Employing a detailed FS process, both basic statistical correlations and sophisticated techniques such as forward selection and backward elimination were examined. This strategy confirmed that the selection of distinctive features from the original pool, rather than using a uniform set for all responses, is required to achieve good accuracy, see Table 2. This result is obviously relevant to architectural design, providing a means to support design decisions with quantifiable measurement derived from the machine learning (ML) methodology.
The issue of dataset insufficiency was addressed by analyzing four distinct data synthesis algorithms to effectively enhance the dataset since generating a sufficiently large dataset is always a costly necessity for ML learning applications in architectural and structural design. As the quality of the synthetic data was rigorously evaluated through novel AI methodologies, although all the proposed algorithms performed reasonably well, the GCGAN achieved the highest overall quality score, while the VAE comparatively yielded the lowest score. It was ensured that these methodologies were validated with public datasets for replicability. In this work, the fidelity measurement was based on the AI’s application in preserving column shape and correlation trends, and on the subsequent learning capabilities of an RF regressor.
A thorough assessment of data fidelity showcased the GC algorithm as particularly effective for synthesizing data across three crucial responses, primarily due to its computational efficiency and user-friendliness. On the other hand, the other three algorithms displayed greater complexity, demanding substantial hyperparameter tuning to generate high-quality data, often requiring an extensive number of epochs. Ultimately, by balancing quality score and ease of use, the GC has demonstrated the highest proficiency in synthesizing data for three responses, with GCGAN excelling in the remaining two. Conversely, VAE yielded comparatively inferior outcomes.

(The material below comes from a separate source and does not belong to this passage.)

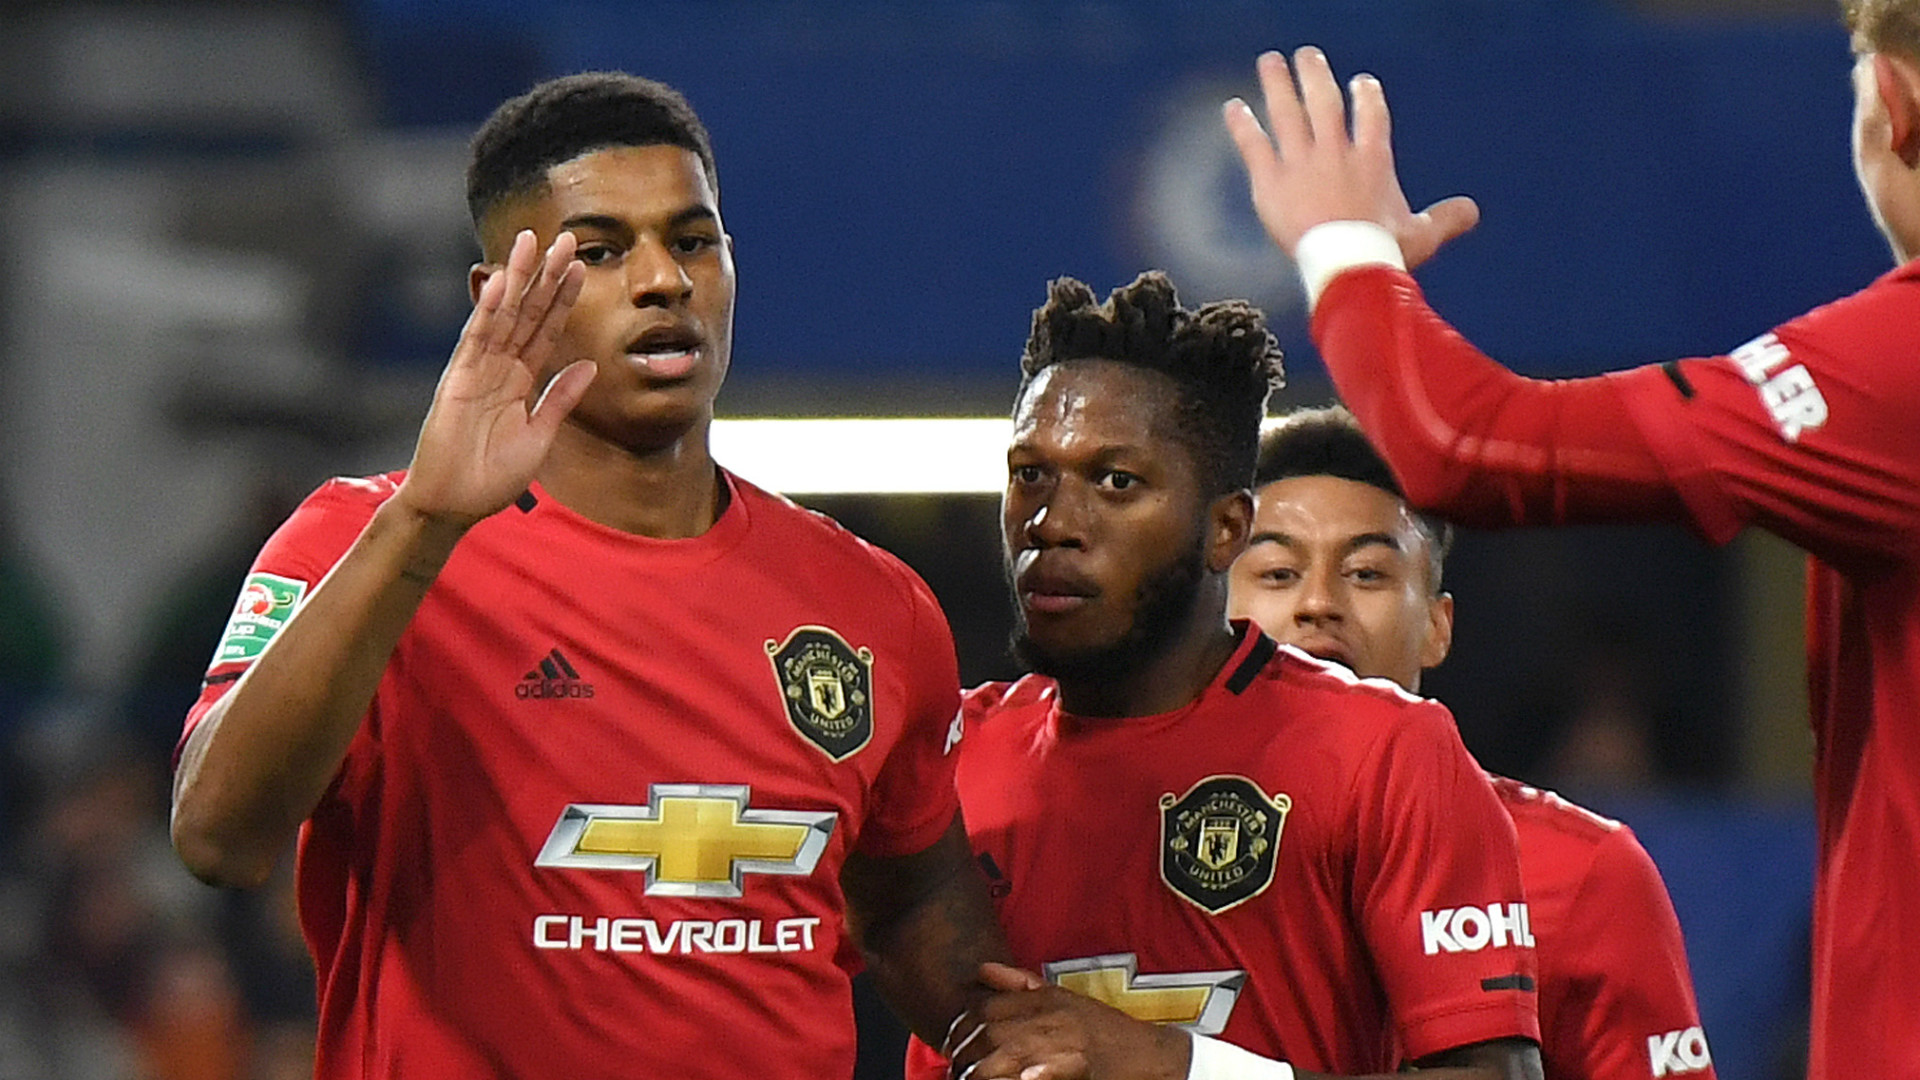 Laporan Pertandingan Chelsea 1 2 Manchester United

Furthermore, the RF ML algorithm showed stable performance over a variety of cross-validation methods when tested on synthetic data, although a marginal decrease in the coefficient of determination on the augmented dataset versus the original must be acknowledged. The increased time efficiency and simplicity of this approach require attentive consideration by the designer in the context of AI’s application in engineering.
The limitations due to the dataset’s size and diversity were acknowledged, highlighting the need for more comprehensive datasets to improve AI’s applicability in architectural design. Future work will aim to incorporate datasets generated from dynamic numerical simulations and explore alternative feature sampling methods, such as randomly generated floor plans or varying building heights selected by a Latin hypercube algorithm. These efforts will further demonstrate the methodological rigor and real-world application of AI in engineering.

Supplementary Materials

The following supporting information can be downloaded at: https://www.mdpi.com/article/10.3390/buildings14041118/s1.

Author Contributions

Conceptualization, P.K., A.G. and A.E.; methodology, P.K., A.G. and A.E.; software, P.K. and A.G.; validation, P.K. and A.G.; formal analysis, P.K., A.G. and A.E.; investigation, P.K., A.G. and A.E.; resources, P.K. and A.G.; data curation, P.K., A.G. and A.E.; writing—original draft preparation, P.K., A.G. and A.E.; writing—review and editing, P.K., A.G. and A.E.; visualization, P.K., A.G. and A.E.; supervision, A.G. and A.E.; project administration, P.K., A.G. and A.E. All authors have read and agreed to the published version of the manuscript.

Funding

This research received no external funding.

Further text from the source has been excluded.